Task.
From the line containing "Maison Margiela - Cotton-Blend" down to the last line of the listing, quote everything word for word, and nothing else, keeping pictures out.

Supplied information.
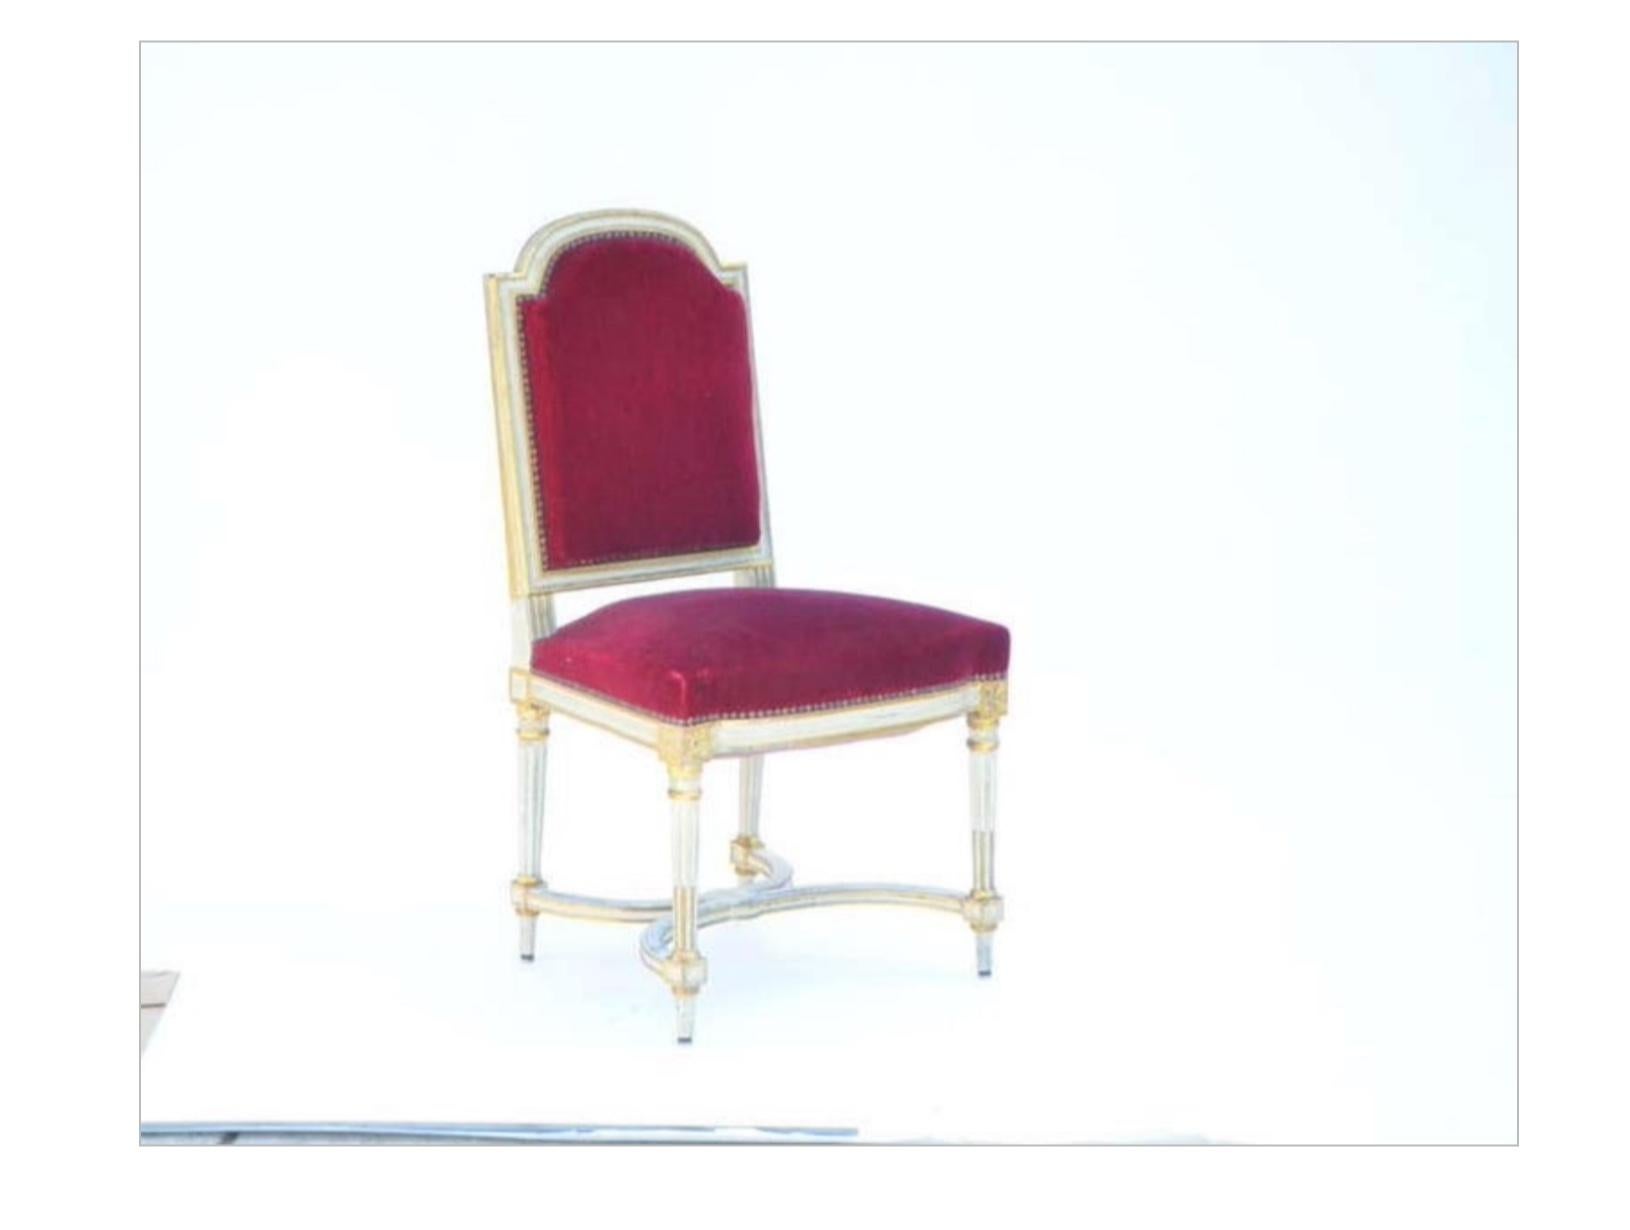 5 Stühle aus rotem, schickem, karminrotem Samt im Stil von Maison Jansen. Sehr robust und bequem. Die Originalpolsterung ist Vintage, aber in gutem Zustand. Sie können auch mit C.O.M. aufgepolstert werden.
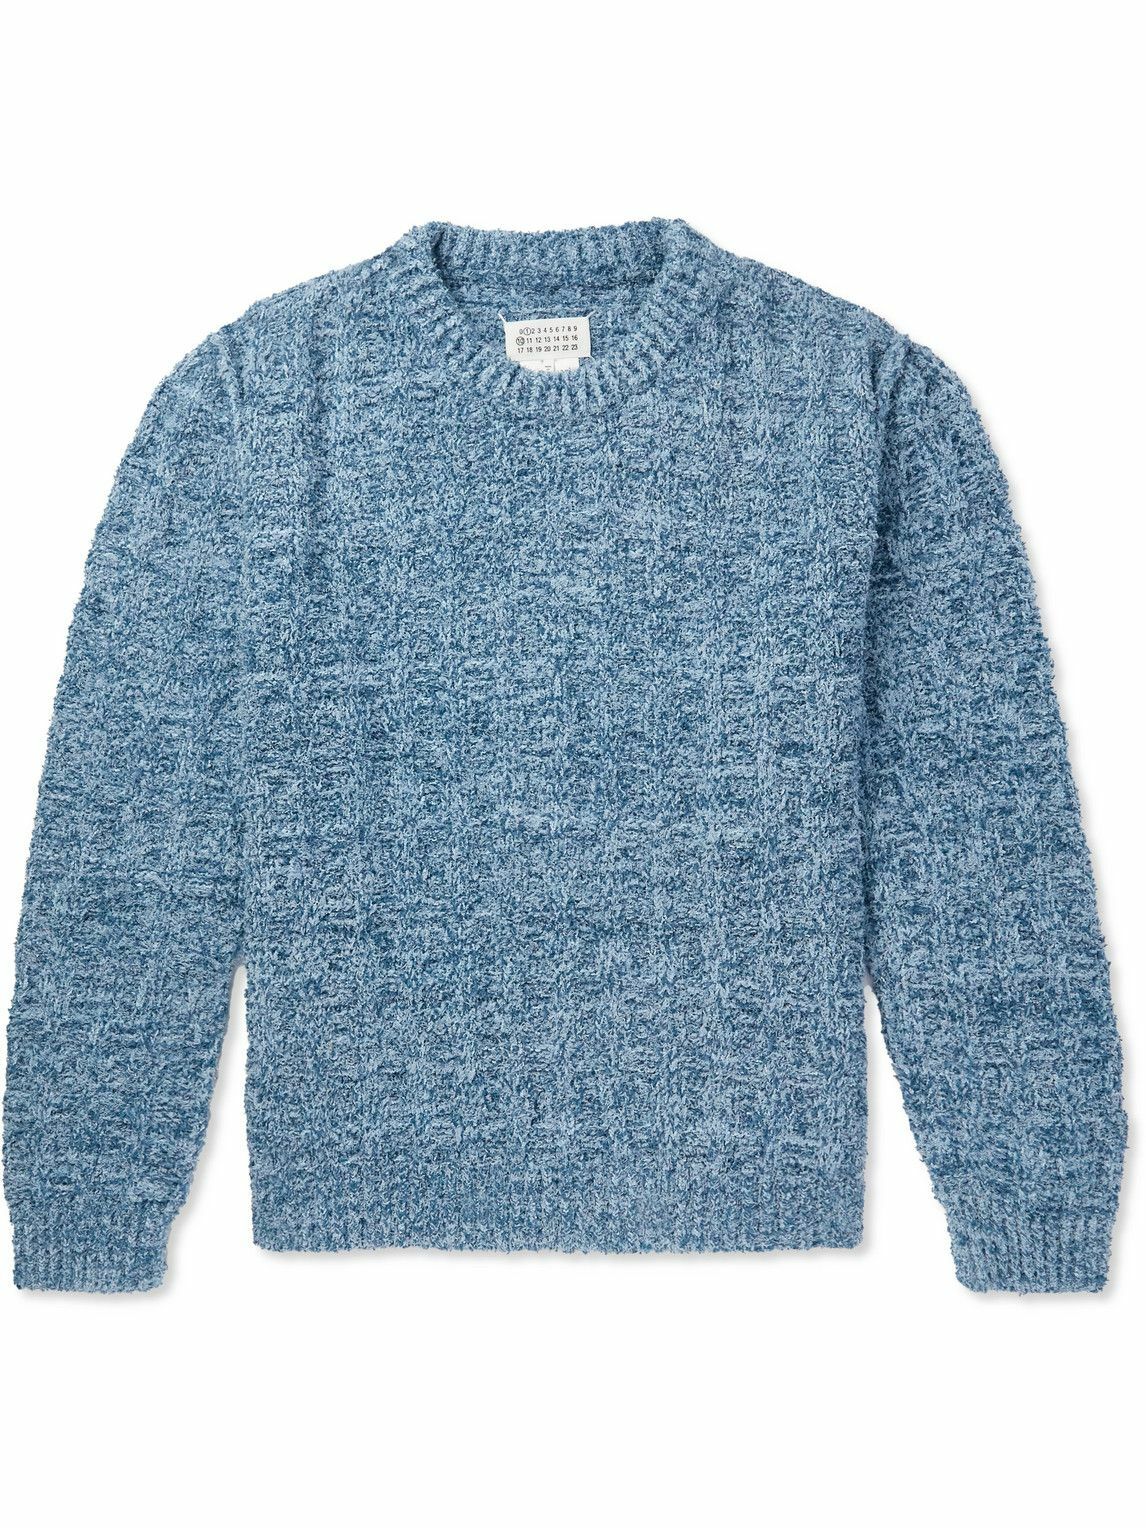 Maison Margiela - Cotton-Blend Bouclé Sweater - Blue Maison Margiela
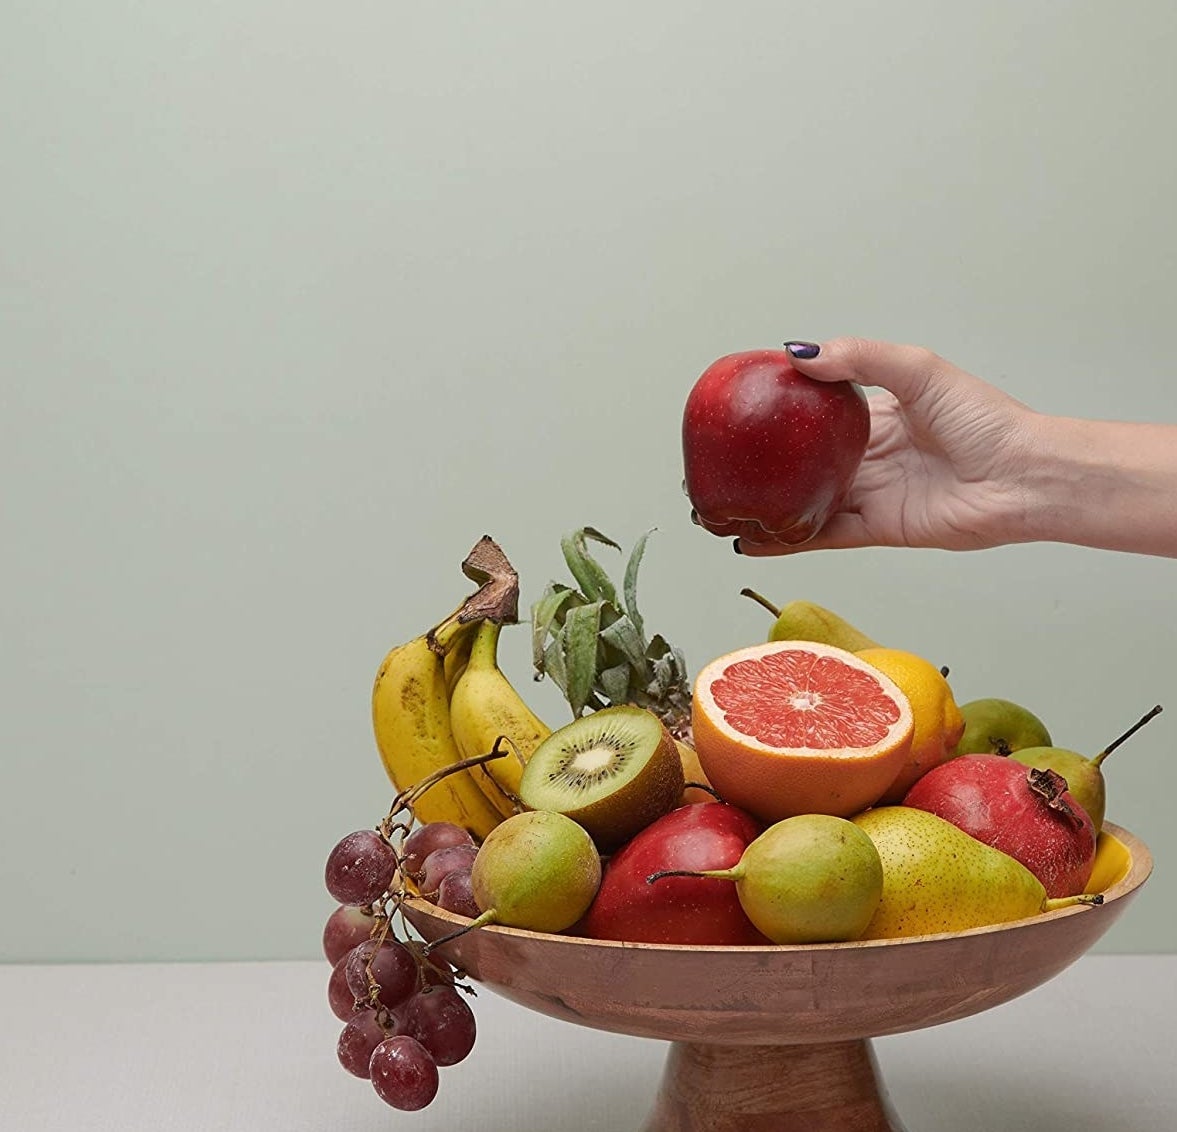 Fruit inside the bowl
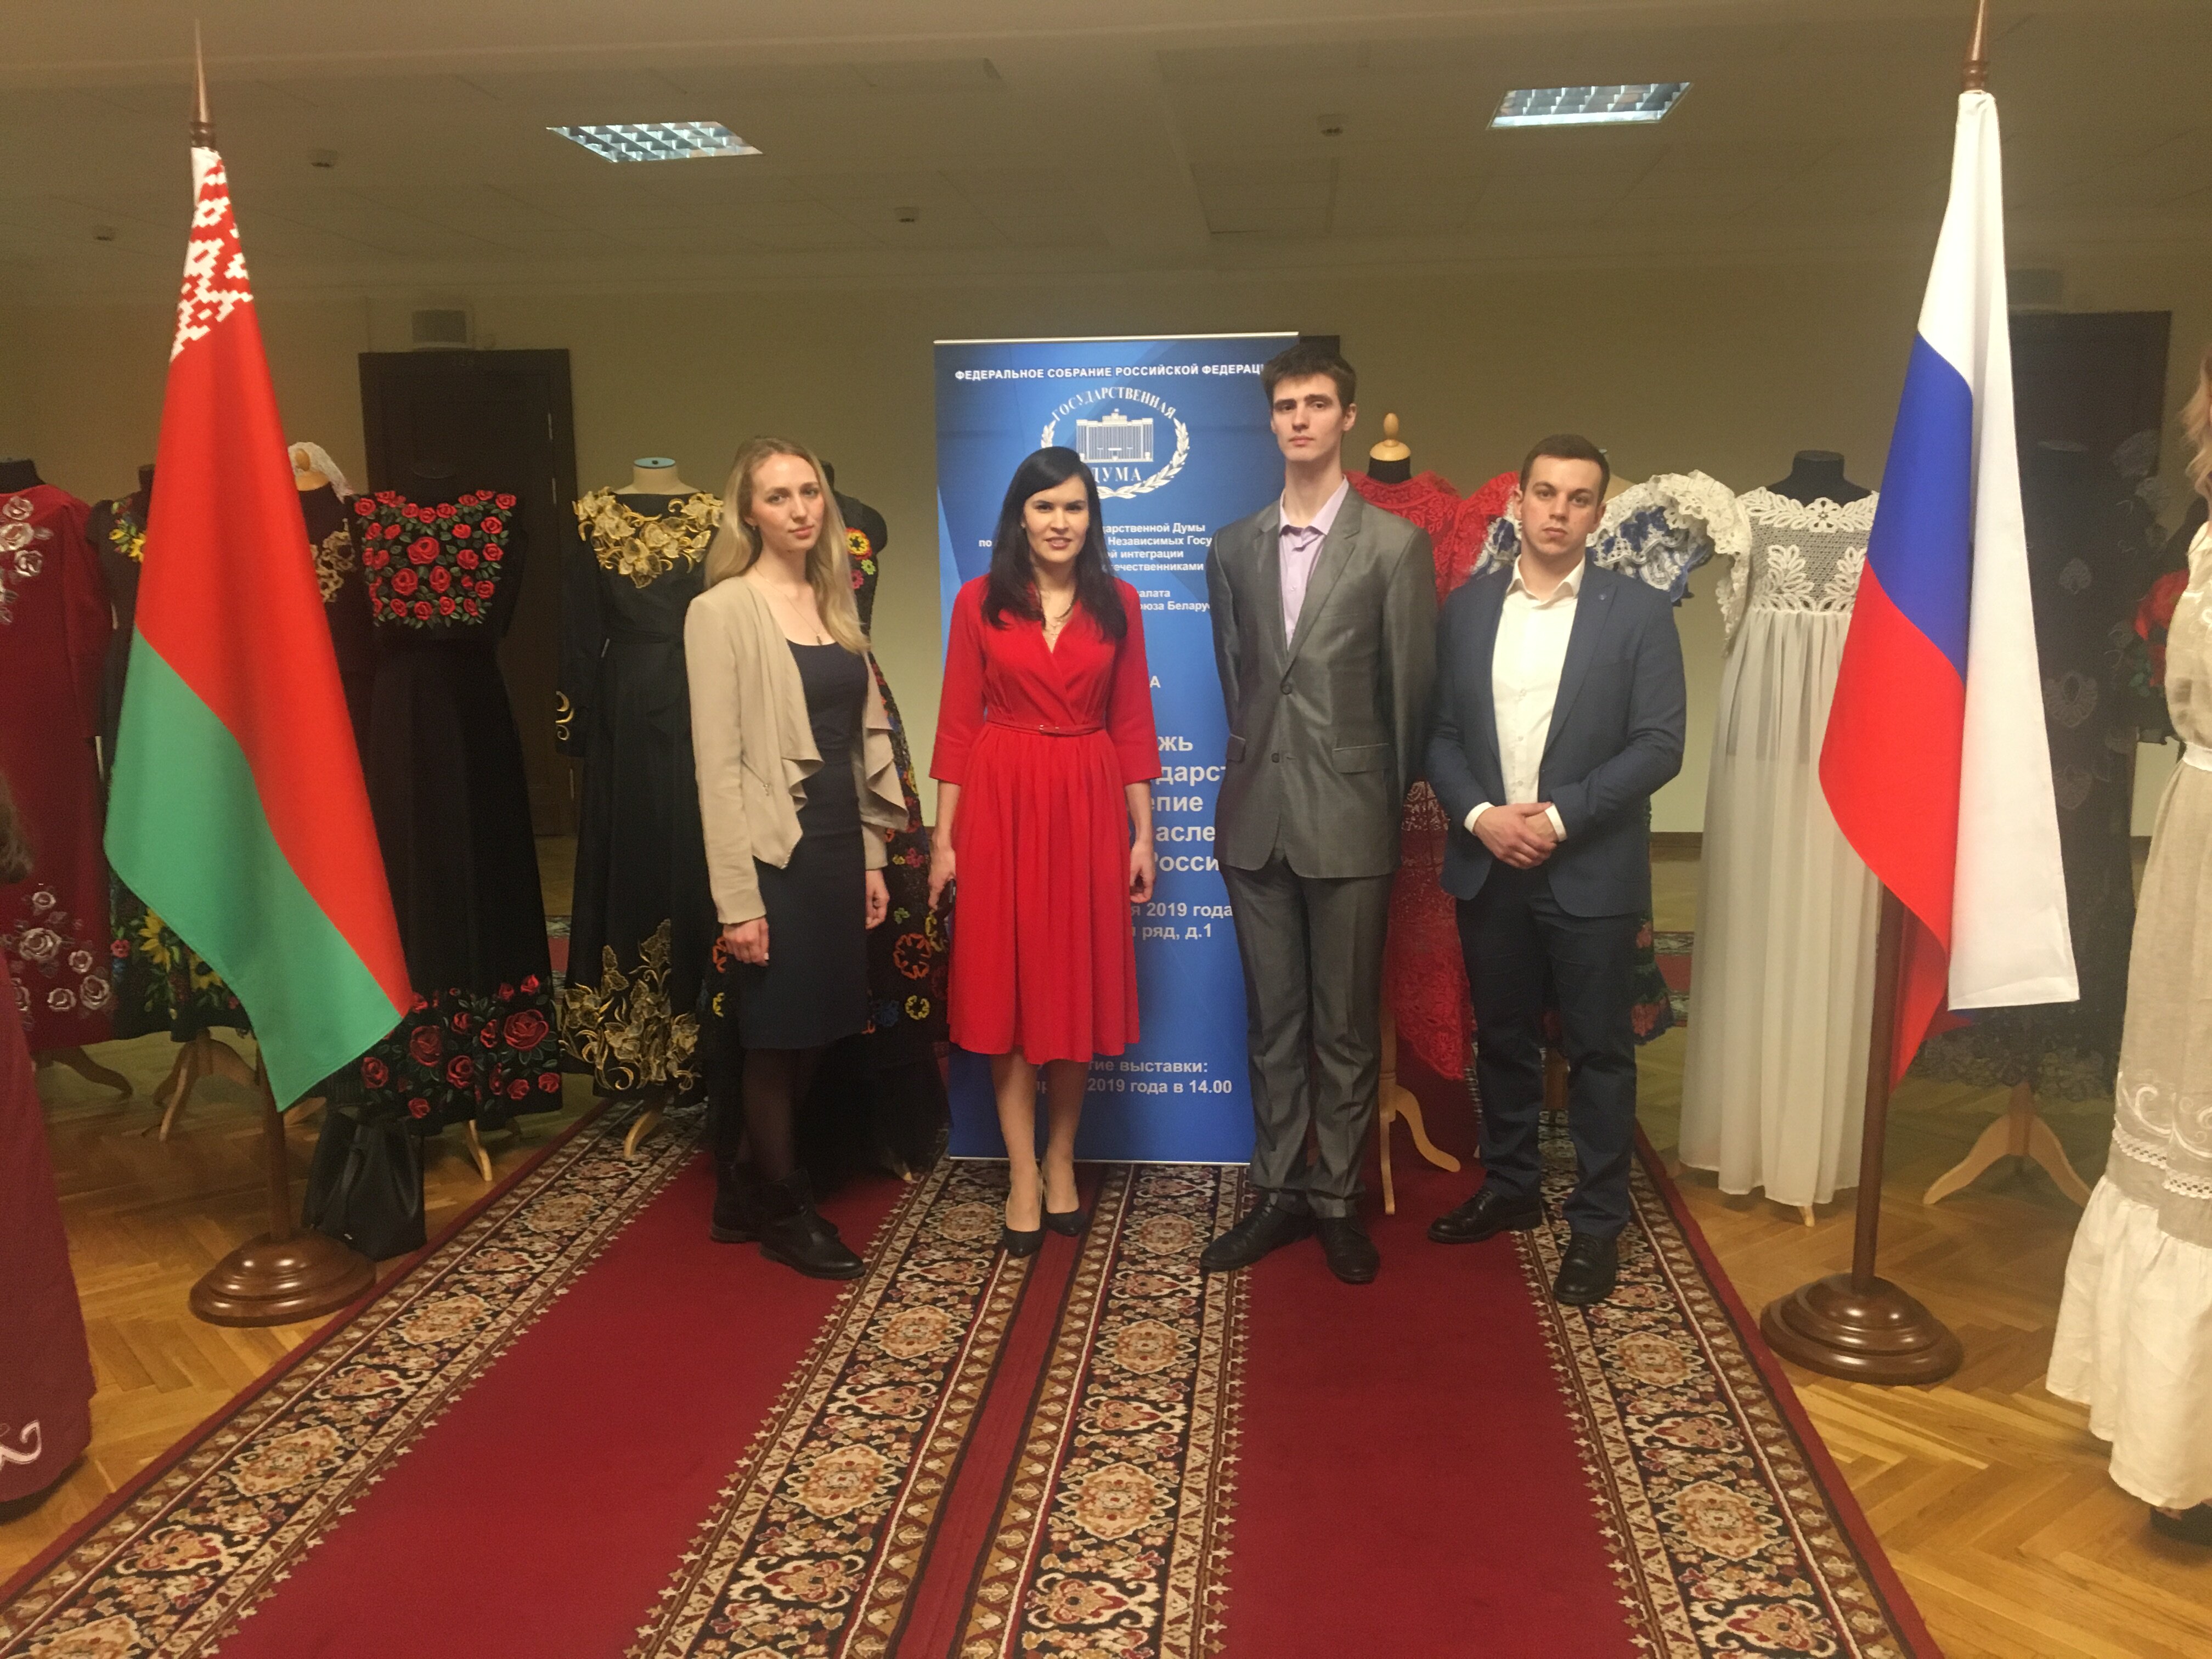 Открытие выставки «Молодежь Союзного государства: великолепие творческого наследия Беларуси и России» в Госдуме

Task response.
 Maison Margiela - Cotton-Blend Bouclé Sweater - Blue Maison Margiela
 Fruit inside the bowl
 Открытие выставки «Молодежь Союзного государства: великолепие творческого наследия Беларуси и России» в Госдуме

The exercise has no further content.